The famous Swiss remembered. That luncheon was the talk of Oxford for many a day.

It deserved its fame. The décor of Gaveston’s room, of course, was a technical masterpiece that an S. Diaghilev or a B. Dean might well have envied. The richly figured curtains were closely drawn. The air was pregnant with frankincense and chypre. The apartment was delicately illuminated, partly by a score of nightlights floating in tall Venetian glasses abrim with many-hued liqueurs, partly too by the votive tapers that always burned before Gav’s private altar of St. Symphorosa and his veiled image of Astarte Mammifera of the Kabbalists.
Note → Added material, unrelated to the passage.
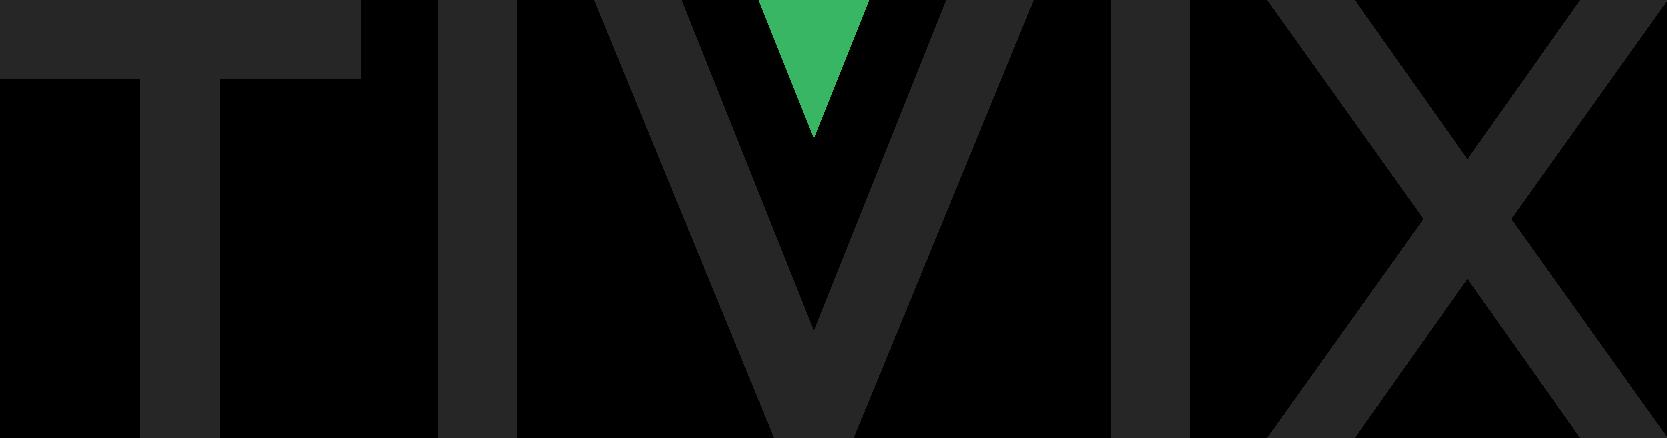 tivix web development company

“Wear which you like!” said the charming host to his arriving guests, giving them their choice of kimono or cowl. Some chose one, others the other, but his forethought was appreciated by all.
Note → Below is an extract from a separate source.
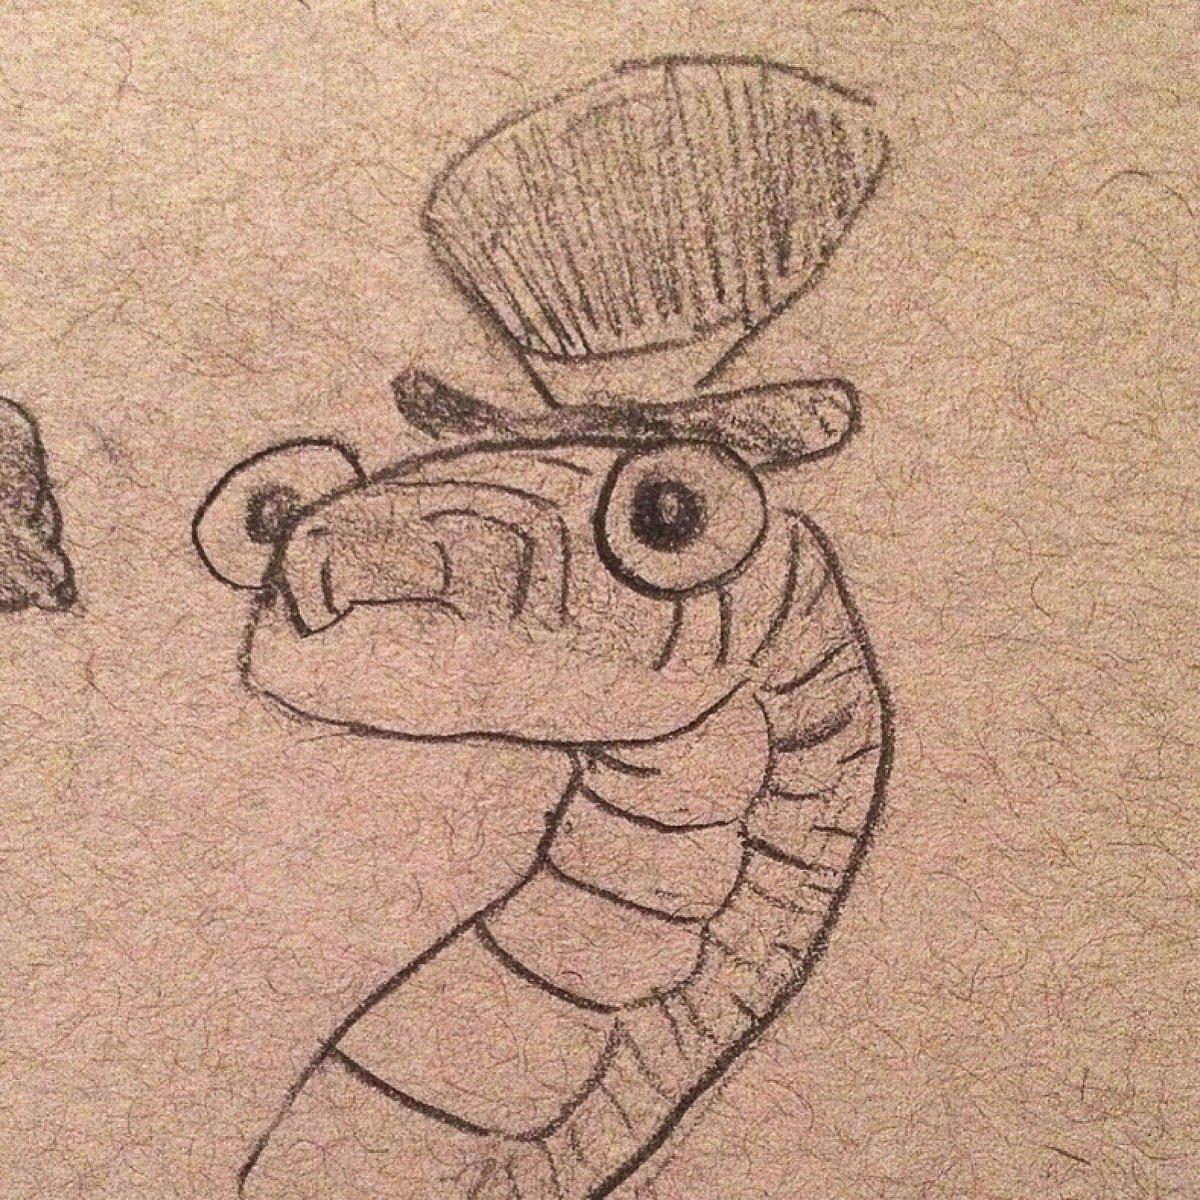 Snake with a hat  #art #drawing #animal #snake #cartoon #hat #cute #snakedrawing #sketch #sketchbook #reptile

So too was the rich repast. And when its seven finely modulated courses were over, Gaveston handed round an exquisite pouncet-box of rather late Sienese design. Pointing to the two divisions of its elegant interior, he offered his happy guests their choice.

“Caramels or coco?” he asked with a hospitable gesture, and soon the party was in the fullest swing.

When the merriment was at its height, Gaveston rose abruptly and recited in poignant tremolo tones two litanies of his own composition, both of haunting beauty and addressed to Satanas Athanatos and the Blessed Curé d’Ars respectively. The severed heads of vermilion poppies were thrown lavishly over the recumbent guests, who, chewing them appreciatively, were soon transformed into new De Quincies. And suddenly, from a curtained recess, stole out the sombre, blood-curdling strains of Sibelius’ Vale Triste and Rachmaninov’s Prelude. The eerie witchcraft of the concealed gramophone, exacerbating their nerves, made repose intolerable, and soon half the party was afoot, swinging in frantic rhythms between the voluptuous divans in the mad inebriation of the dance.

Après nous le déluge!” cried the host, in a tone that seemed to defy both Paradise and Limbo, and ecstasy followed ecstasy in orgiastic sequence.

At last the party dispersed, half fearful perhaps lest some anti-climax should end the lengthening afternoon. In merry groups the guests went their ways, to meditative teas in Keble or in Magdalen.